Наш франт останавливал не всех прохожих женщин, а лишь тех, руки которых не были заняты ничем, кроме сумочки, что сейчас крайне редко, а наряд не извлечён из-под дивана в коммуналке или из-под койки в хостеле, а из шифоньера и прикинут перед трюмо, на котором заманчиво блестели флаконы синего стекла с духами и пудрами, чьё одеяние примерено попеременно, искусно, на выход. Молодой человек нарочно выбирал дам с ухоженными руками, с достатком, с уважением в обществе и к самой себе. Их возраст значения не имел решительно, цвет волос, глаз, длина ног, размер груди, талии, бёдер — тоже. Красивые руки, вот, что попадало во внимание актёра-неудачника, именно им адресовался комплимент, с которым он обращался к покупательнице: «Мадам, позвольте Вашу ручку!».
Вы ошибаетесь, если думаете, что от него шарахались, хотя в наше время — это обычная реакция современниц на любой, даже самый изысканный комплимент. Гражданка может все же его принять, но момент оказывается безвозвратно упущен. Что за прелесть, поймать момент! Сделать комплимент, это только пол дела, многие сыплют ими налево и направо, принять его — вот искусство, которым владеют настоящие женщины.
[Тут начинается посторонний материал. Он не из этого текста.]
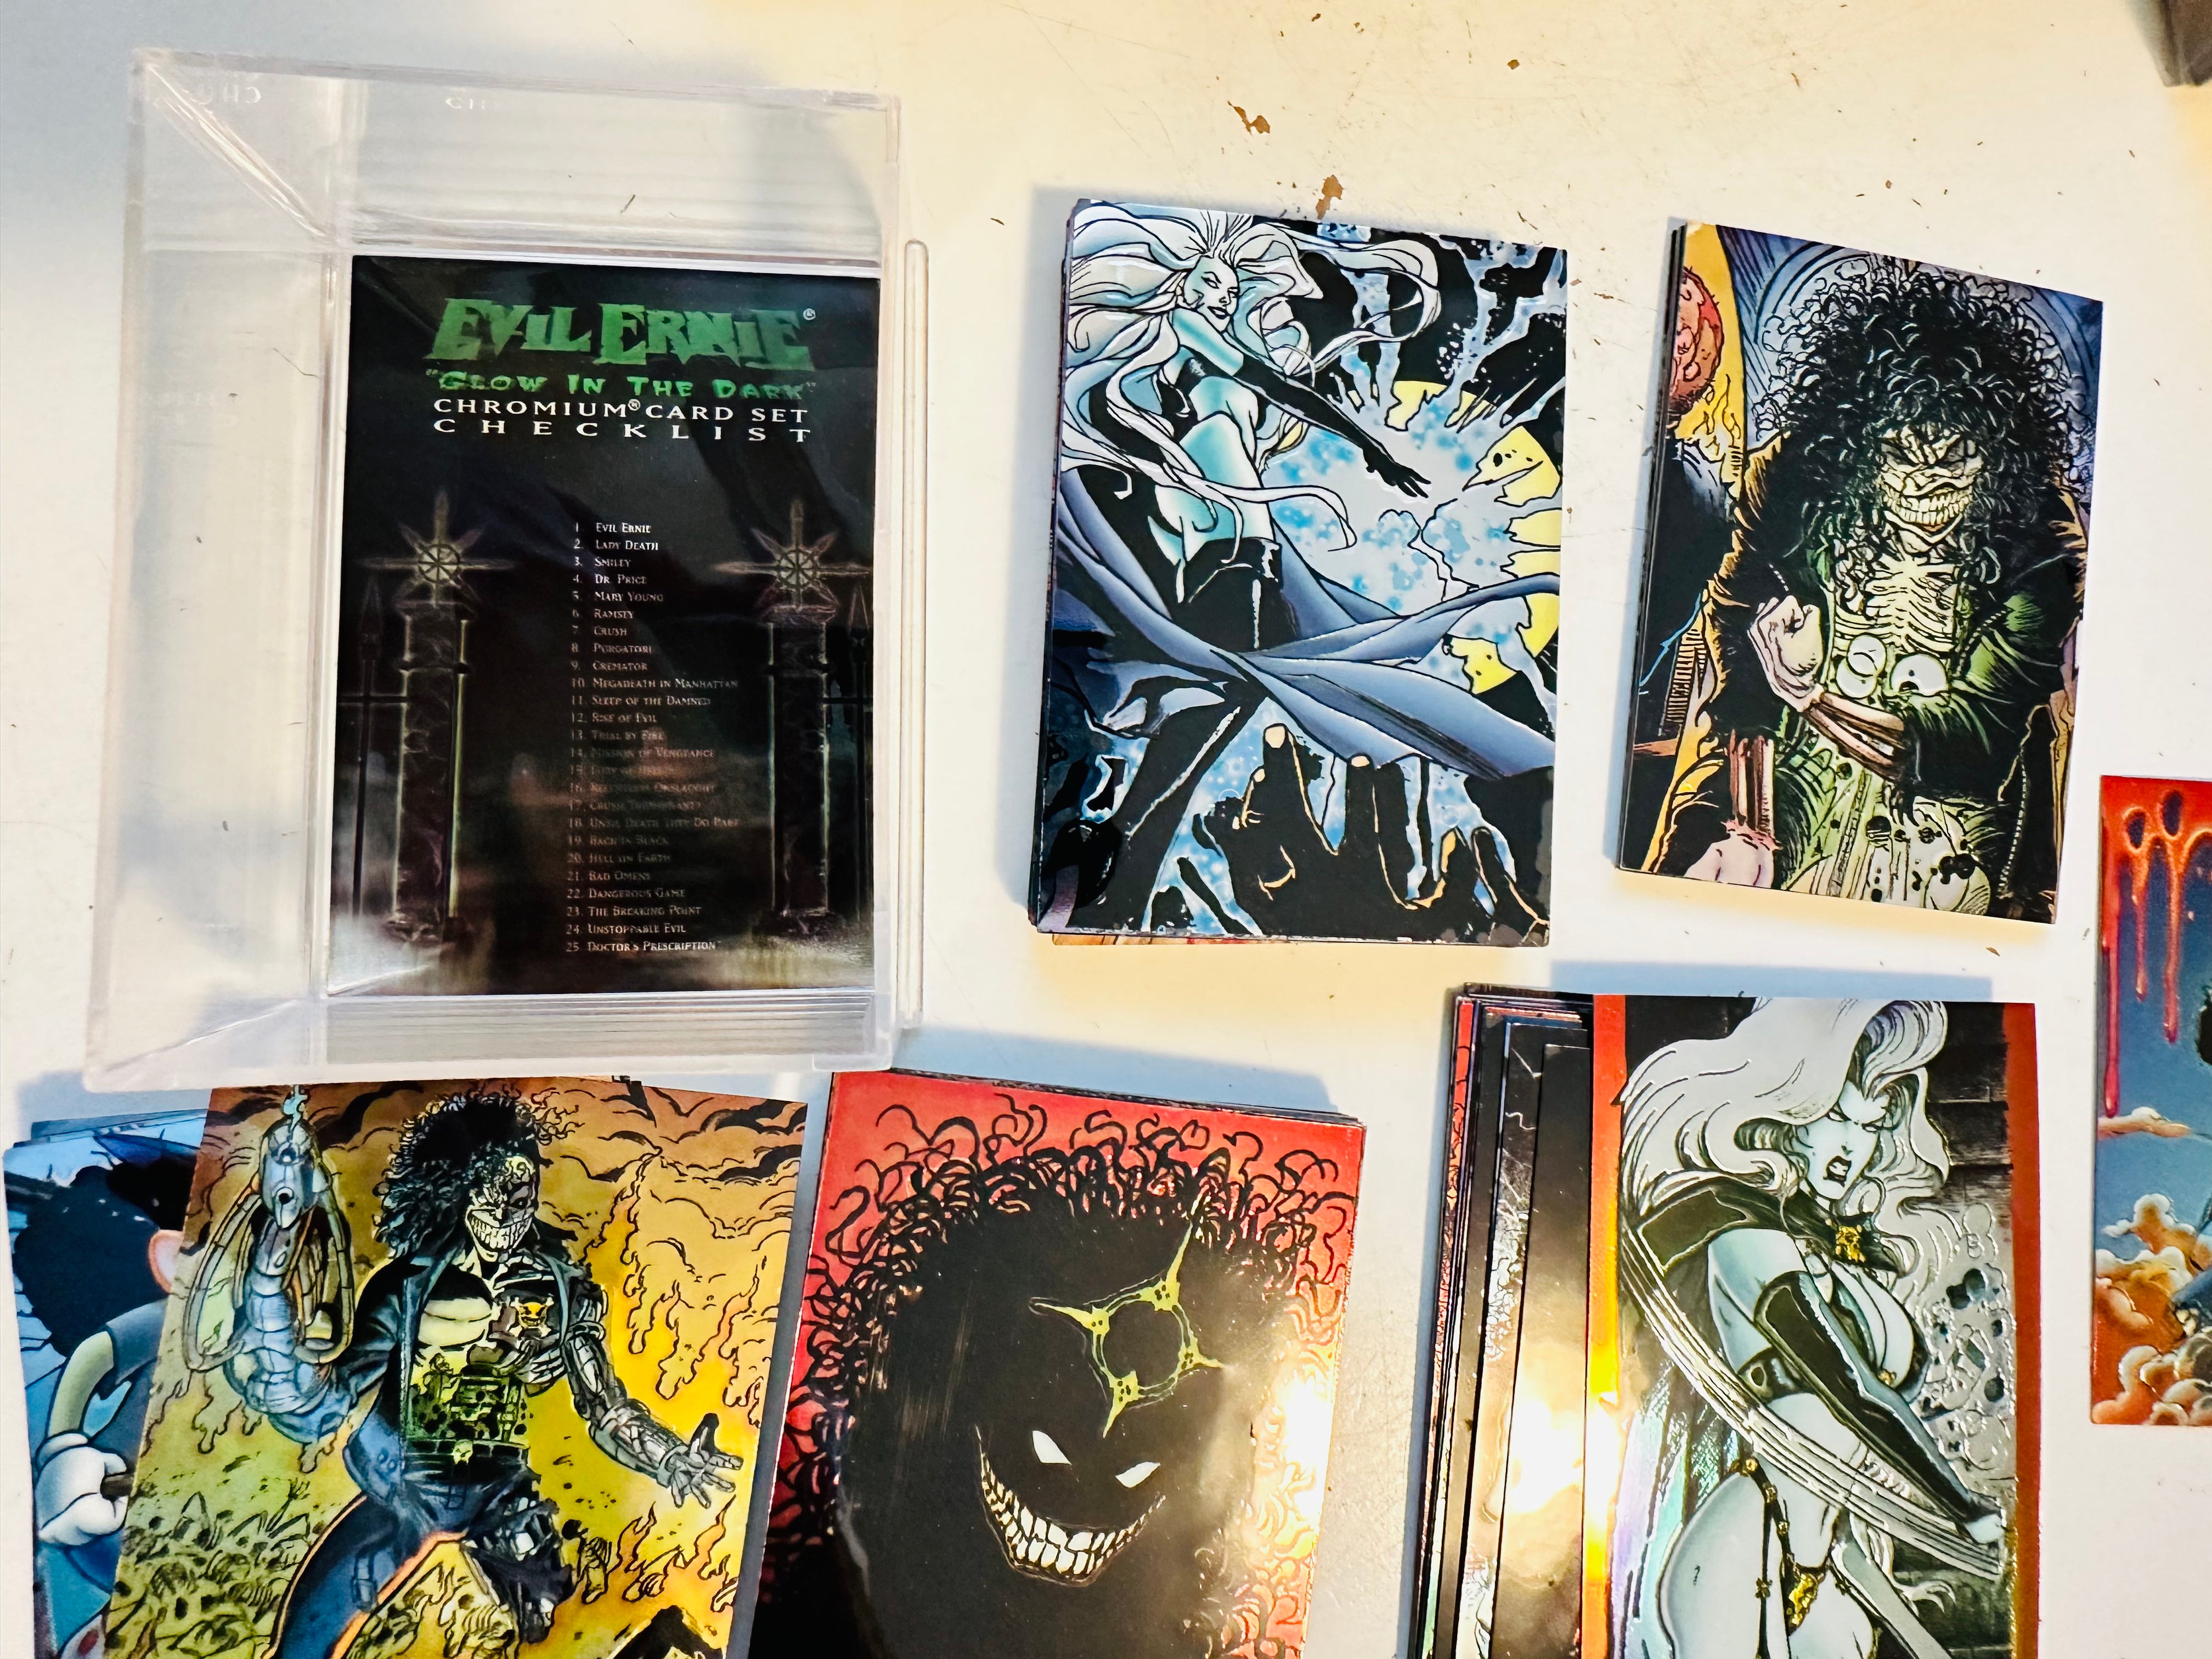 Evil Ernie Omni chrome glow the dark foil cards set 1992

И этот миг незабываем.
С присущей элегантностью, наш друг брал протянутую для поцелуя руку и ловко надевал на неё - не перчатку, произведение искусства, которая, появившись как по волшебству, мгновенно обретала свою совершенную форму именно на руке избранницы. Не подозревавшая, её обладательница, с восхищением смотрела на обтянутую невиданной красоты перчаткой собственную руку, которая в детстве носила вязаные бабушкой варежки, их надо было штопать каждый день, в школе серые форменные перчатки, они кололись, если приходилось вытирать нос в строю скаутов, на работе резиновые медицинские, которые с непреходящим отвращением швыряла в окровавленное ведро, в театр, на концерт, на бал никогда не приглашали, чтобы нарядиться во взятое напрокат платье, бархатные туфли, длинные перчатки...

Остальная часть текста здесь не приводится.